- Exercise directions: Line for line, return the data exactly, omitting all pictures.

- Provided data:
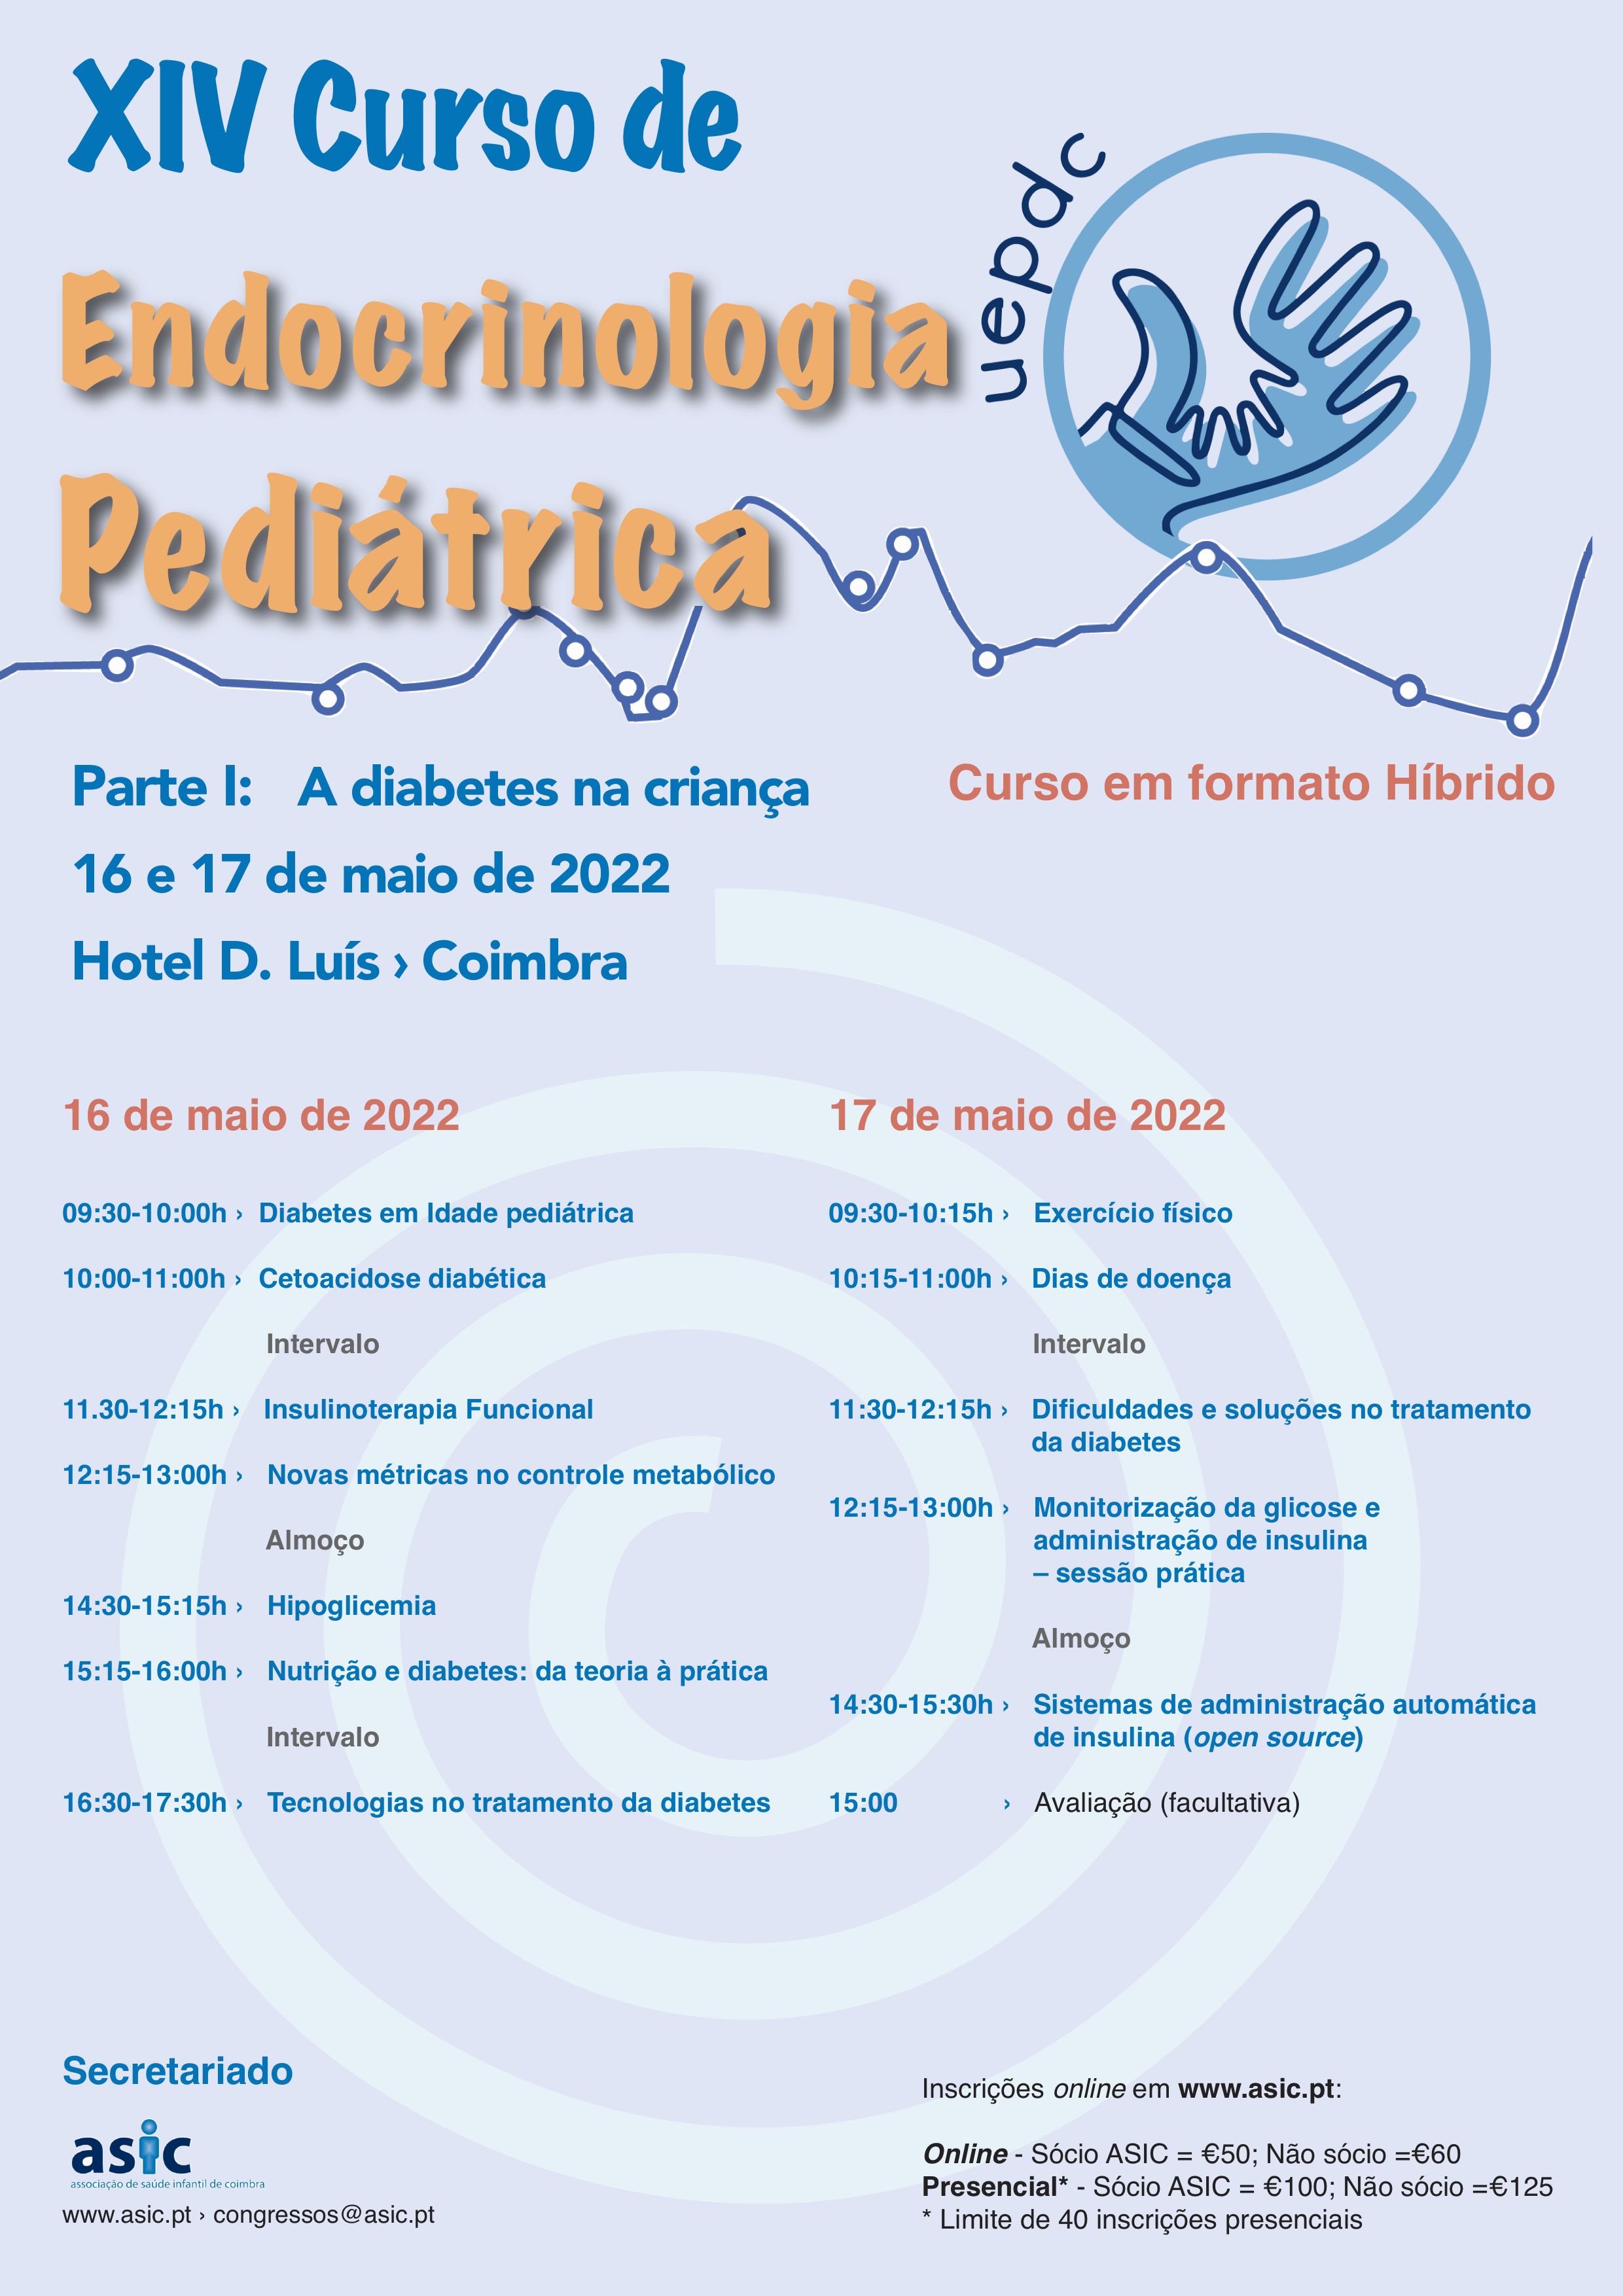 endocrinologia 2022
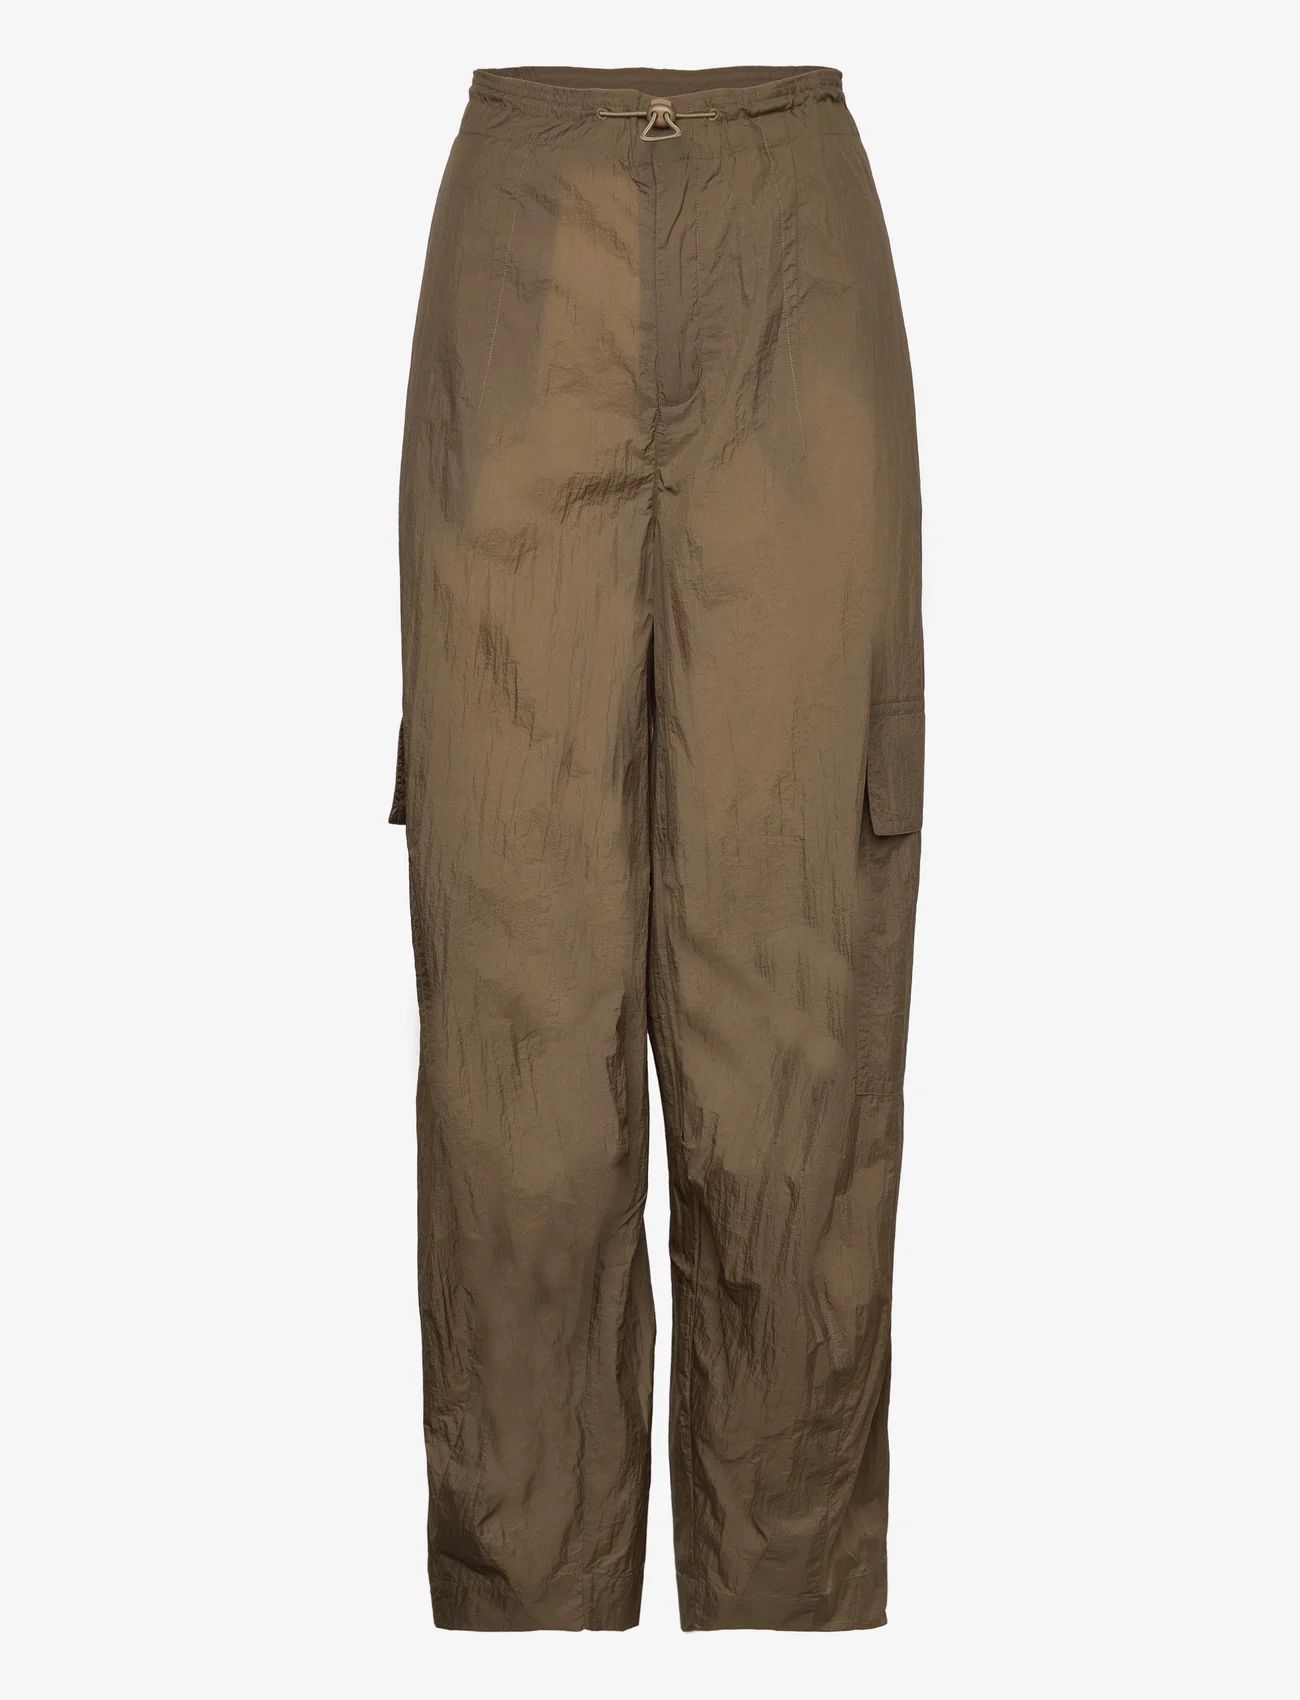 Hope - Cargo Trousers - spodnie cargo - dark khaki - 0
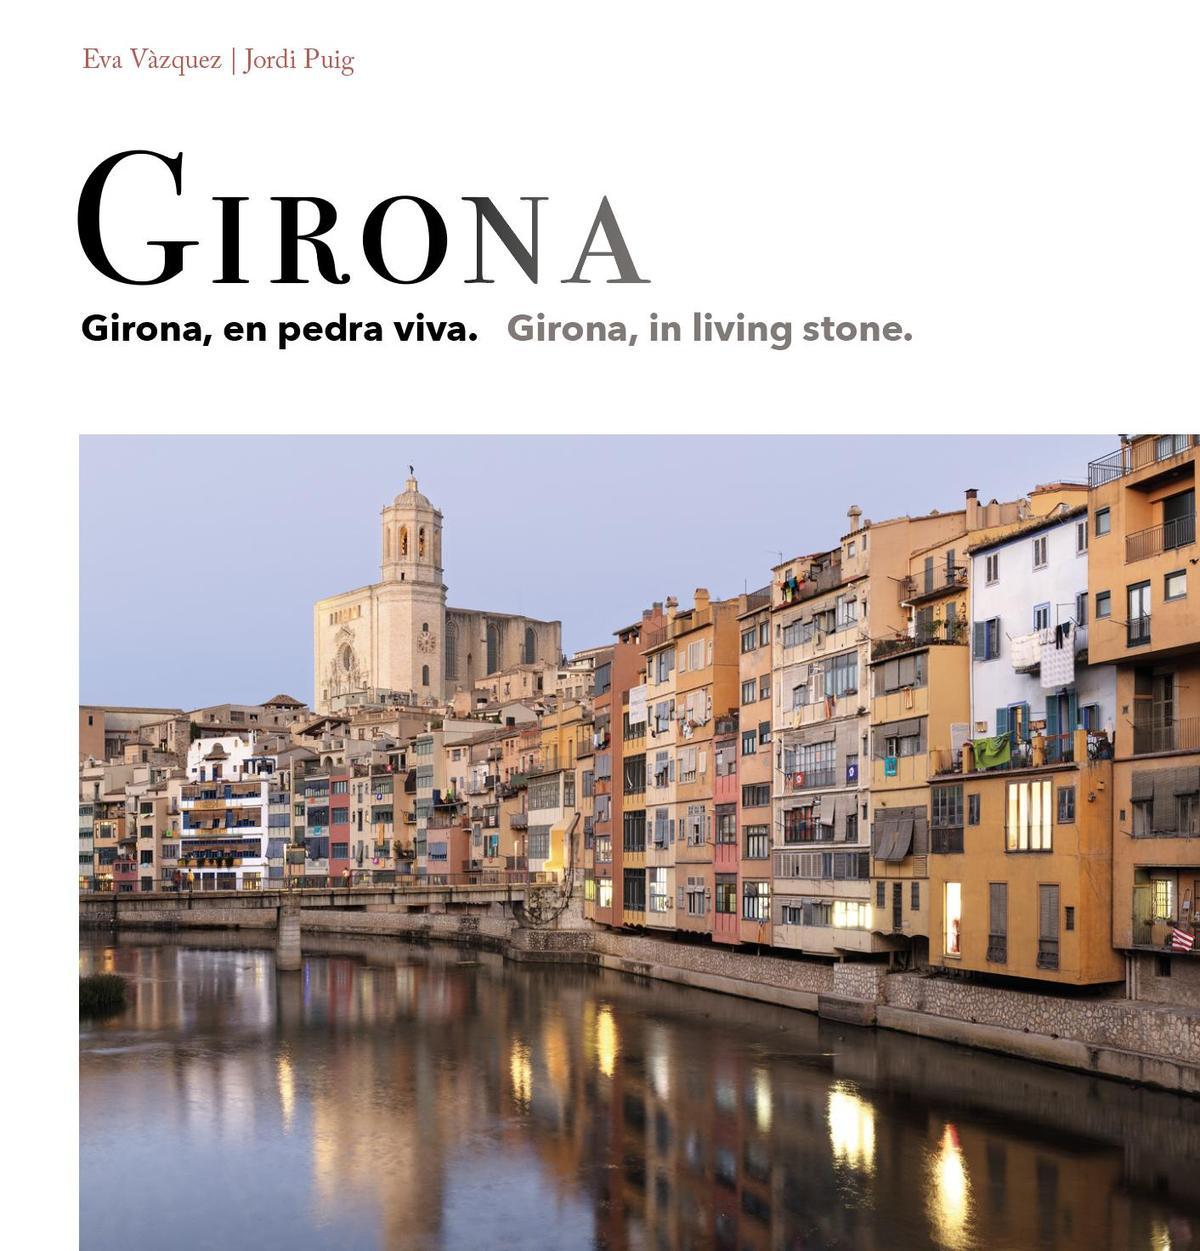 Portada del llibre «Girona, en pedra viva», amb fotografies de Jordi Puig i text d’Eva Vàzquez, que ha editat Triangle Books.
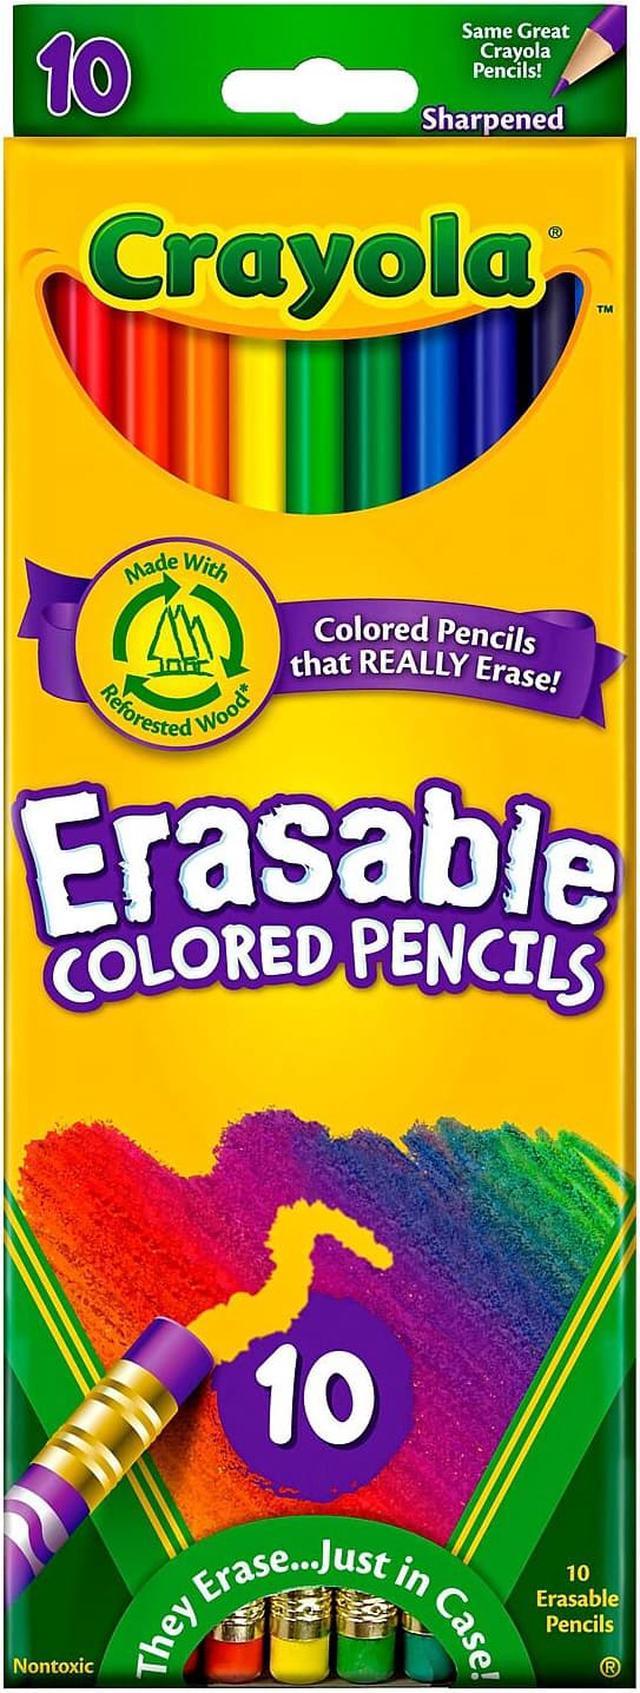 Crayola Erasable Colored Pencils
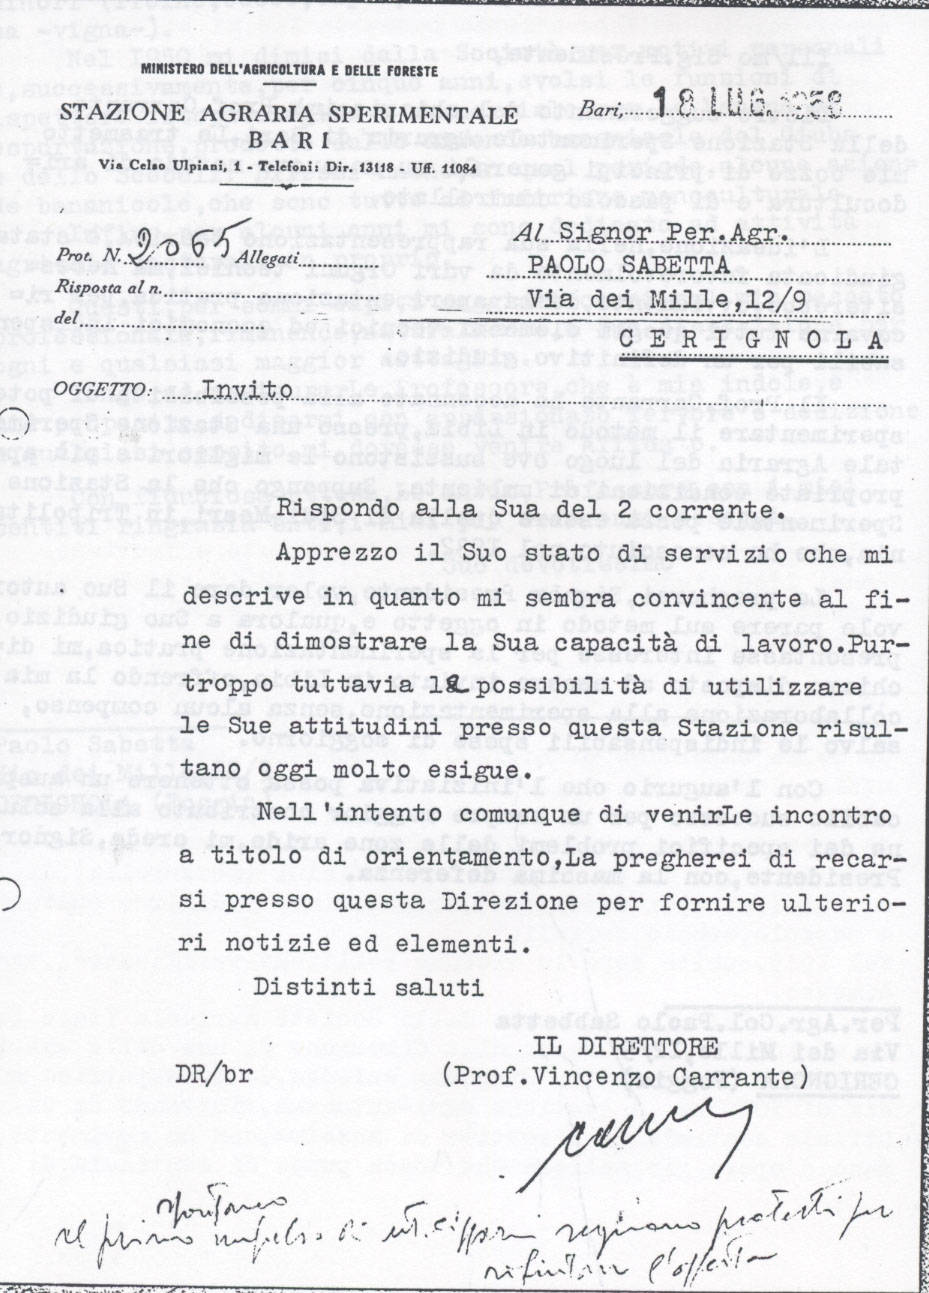 Lettera richiesta dati Sabbetta per assunzione presso la Stazione Agraria Sperimentale di Bari nella persona del dott. Carrante (9° Esilio in patria)

- Answer box:
 endocrinologia 2022
 Hope - Cargo Trousers - spodnie cargo - dark khaki - 0
 Portada del llibre «Girona, en pedra viva», amb fotografies de Jordi Puig i text d’Eva Vàzquez, que ha editat Triangle Books.
 Crayola Erasable Colored Pencils
 Lettera richiesta dati Sabbetta per assunzione presso la Stazione Agraria Sperimentale di Bari nella persona del dott. Carrante (9° Esilio in patria)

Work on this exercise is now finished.